Multiple Streams of Income – How To Make Money In Real Estate

Are you where you want to be in your financial journey? Most doctors and other high-income earners that initially join the Passive Investors Circle typically don’t seem to be.

Why? For the most part, they haven’t taken the time to evaluate their investments. To be more specific, they don’t have a financial plan or have a clear set of financial goals they’re trying to accomplish.

I’d like to retire someday” is just NOT going to get it.

Too many of us get up each morning and go to our jobs. That’s right it’s a J-O-B. Because without us going in and doing the work, no money would come in.

That’s what is called active income.

Unfortunately, if you continue down this path, you’ll be working a lot longer than you may want.

And hopefully nothing happens to your health along the way.

In the past, we’ve talked a great deal about how to create passive income.

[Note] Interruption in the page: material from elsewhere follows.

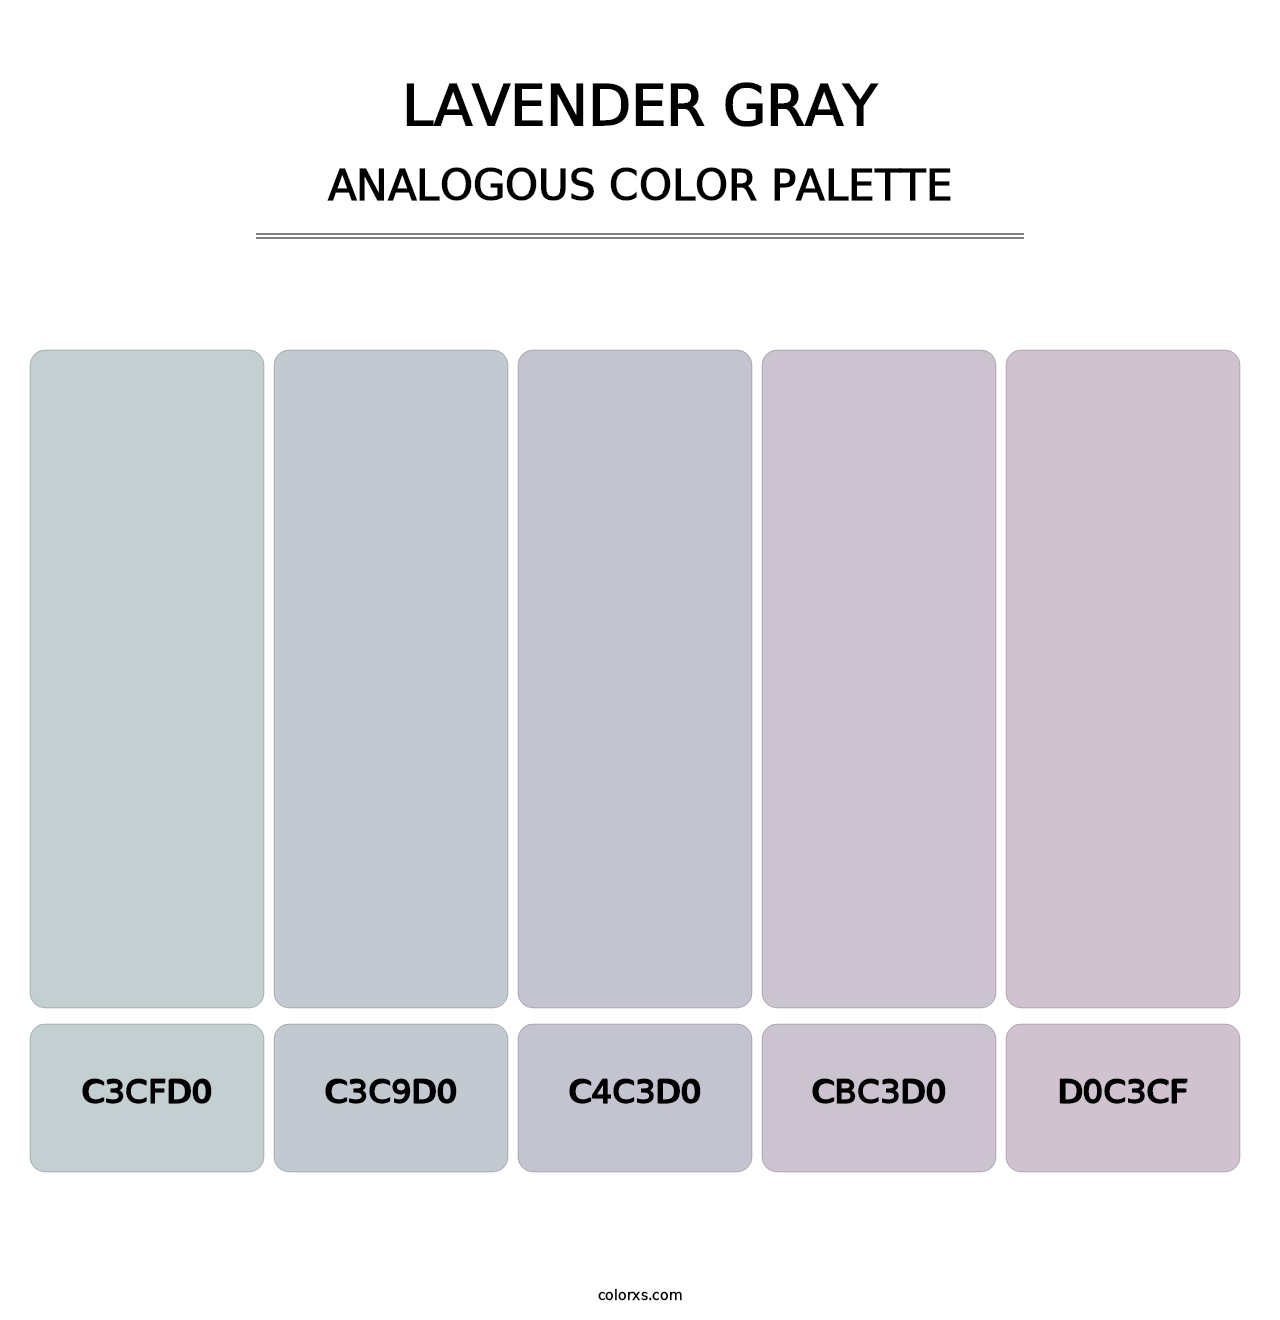 Lavender Gray - Analogous Color Palette

Here’s a few articles in case you missed them:

Today I want to get into some specifics about creating multiple streams of income and the four ways you can accomplish this using real estate.

Multiple Streams Of Income

There have been many books that have studied millionaires. Two popular ones are:

Most of the research shows that millionaires have an average of seven streams of income.

It seems that the millionaire understands the importance of multiple income streams.

Without them, who knows, they may have never broken the million dollar mark.

Why should we create multiple streams of income?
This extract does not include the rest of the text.